The PowerShell environment 🏴

The PowerShell environment is sectioned into multiple versions and tools for various scenarios.

We have the PowerShell CLI or command line, used to run commands on demand, like CMD: Menu Entry for PowerShell CLI

We also have the ISE or ‘Integrated Scripting Environment’, which aids in writing PowerShell scripts (.ps1 scripts) and allows for easy testing and debugging: image.png

The environment offers a x86 / 32 bit alternative for every application/tool as well: image.png

Objects 📜

In PowerShell, data is contained and transported in 'Objects'. Objects can contain a lot of data pieces/nuggets. This 'data collection' can be filtered or queried in line to access specific pieces of data from the collection to either process, display or pass as input to the next command.

Objects can be assigned to variables, allowing re-use or more complex processing.

Read more on objects here 👉 Microsoft Docs: about_Objects

The Pipeline operator ( | )

PowerShell allows you to chain commands and actions, passing the output from one into the input of the next.
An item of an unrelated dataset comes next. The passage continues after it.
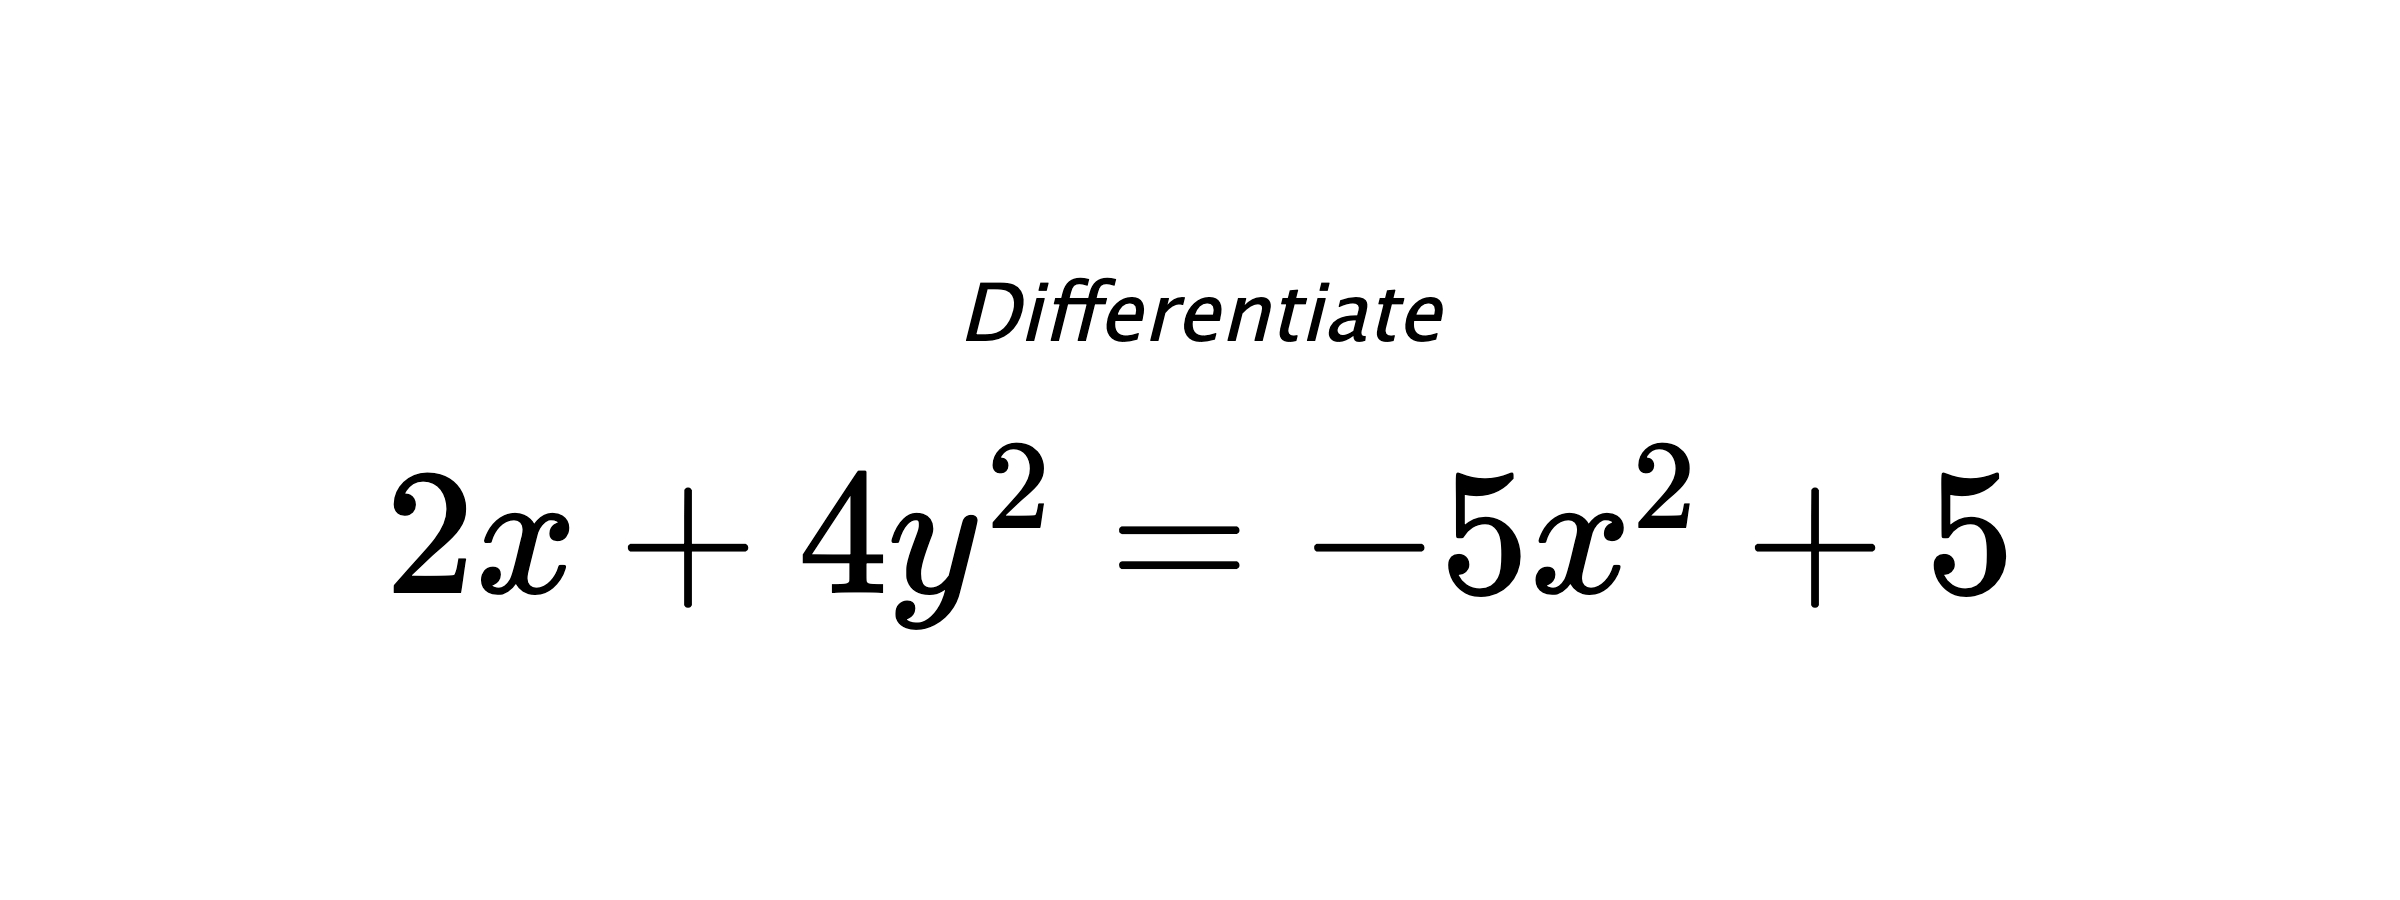 Differentiate $ 2x+4y^2=-5x^2+5 $

This allows you to write automation scripts, as commands can now "talk" to each other and execute commands reactively based on the output of a previous command:

Get-Process notepad | Stop-Process

Here we get a process object with notepad in the name. We 'pipe' the out (the process object) into the next command which uses the information in the object to terminate it.

Note that you can chain multiple commands, one after the other with each new command accepting the output of the preceding command as it's input.

Read more on pipelines here 👉 Microsoft Docs: about_Pipelines

Variables 📦

Variables are used to store information to be referenced and used by the system in subsequent commands. Variables (var(s)) mutable, meaning their values can be changed as commands execute and outputs are generated.

In PowerShell, variables are marked by a dollar sign ($) prefix.

The pipeline variable ($_)

The pipeline variable's value is equal to the output of the preceding command and can be used in the subsequent command to allow filtering and querying of objects.

The pipeline variable can only be used with a command spread of 1, this means that referencing $_ in command 3 will be equal to the output of command 2, not 1.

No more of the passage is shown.